Category: Iraq and Afghanistan Veterans of America

  • Supporting the troops, IAVA style!

    Those of us who served overseas during Operation Enduring Freedom and/or Operation Iraqi Freedom come from all across the political and socio-economic spectrum. But, if there is one thing that binds all of us, besides our service in GWOT, it is certainly our ability and desire to plunk down $250 for an evening of cocktails to be enjoyed with noted Veterans advocates from Hollywood.

    IAVA’s West Coast Heroes Celebration
    This spring, please join us in honoring the nation’s newest generation of heroes and celebrating the successes of Iraq and Afghanistan Veterans of America (IAVA). IAVA is holding the first annual West Coast Heroes Celebration on Thursday, April 30th, 2009. The cocktail reception will be held at the offices of Creative Artists Agency (2000 Avenue of the Stars) in Los Angeles, California from 7-9:00PM.

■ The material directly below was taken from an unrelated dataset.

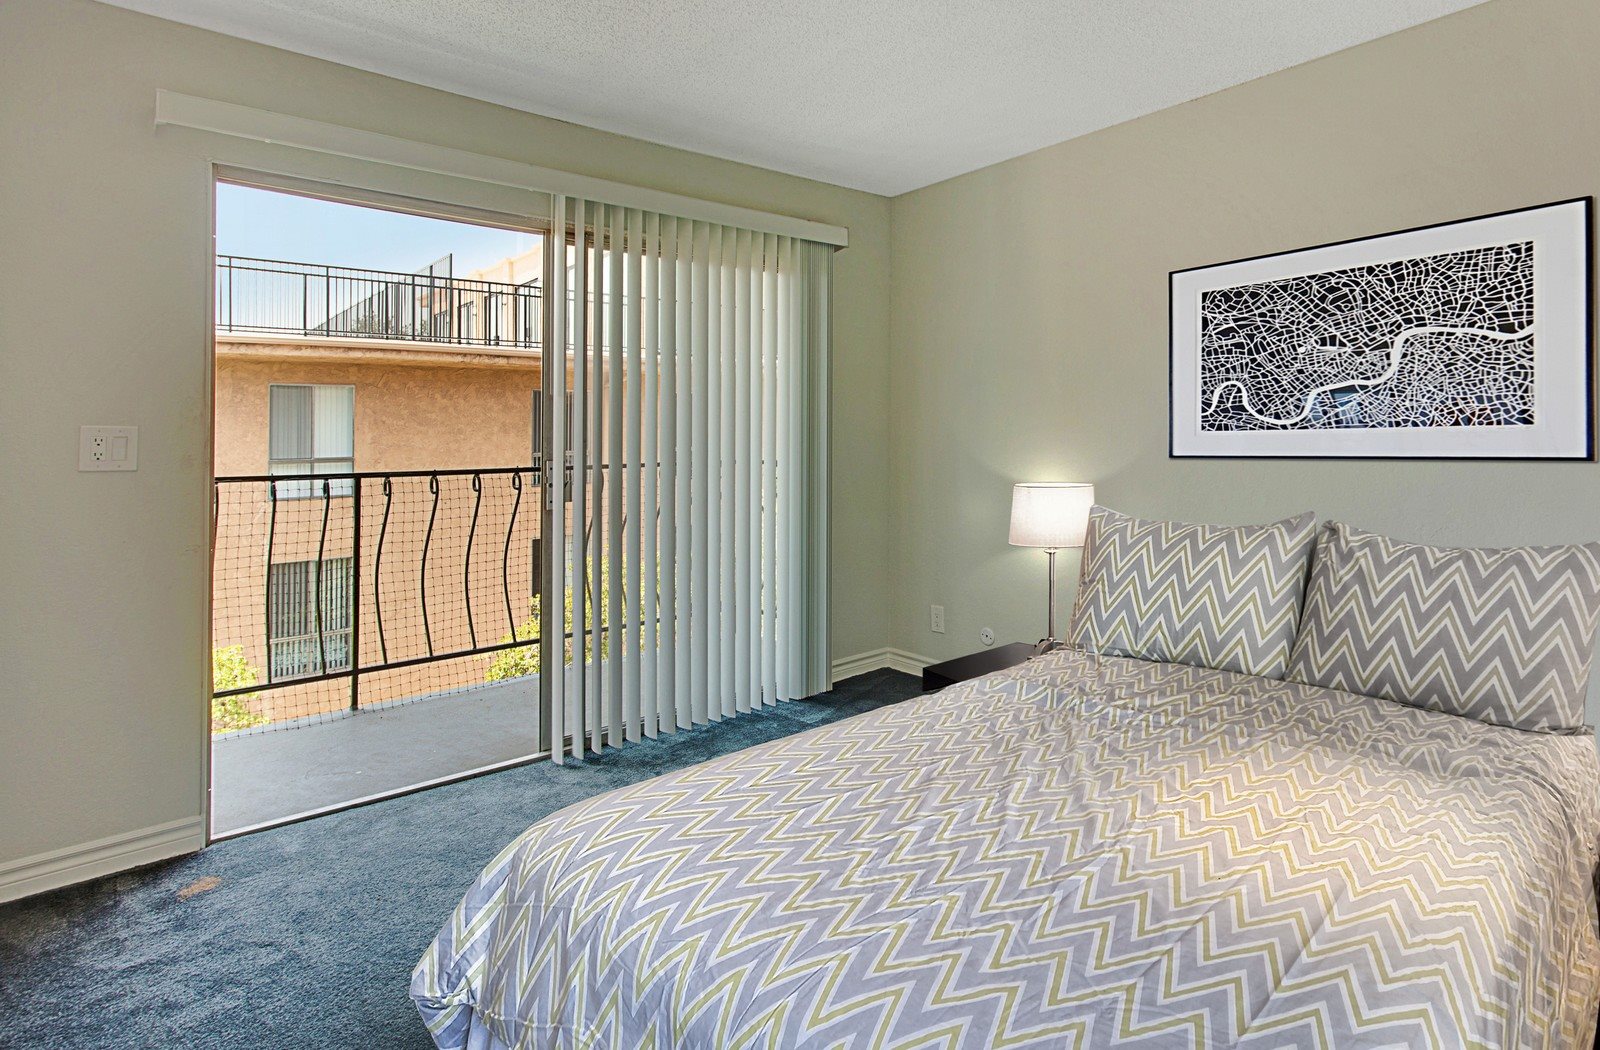 1 Bedroom Apartments In Los Angeles Under 600

    We are excited to have Cameron Diaz, Nick Styne, and Norman Lear co-host this special evening.

    Ticket $250
    Sponsor $5,000
    Patron $10,000
    Benefactor $25,000
    Premiere Sponsor $50,000

    I mean, who among us could ever forget Ms. Diaz’s standing up for the veterans during the 2004 election when she said:

    Women have so much to lose. I mean, we could lose the right to our bodies. We could lo–if you think that rape should be legal, then don’t vote. But if you think that you have a right to your body, and you have a right to say what happens to you and fight off that danger of losing that, then you should vote.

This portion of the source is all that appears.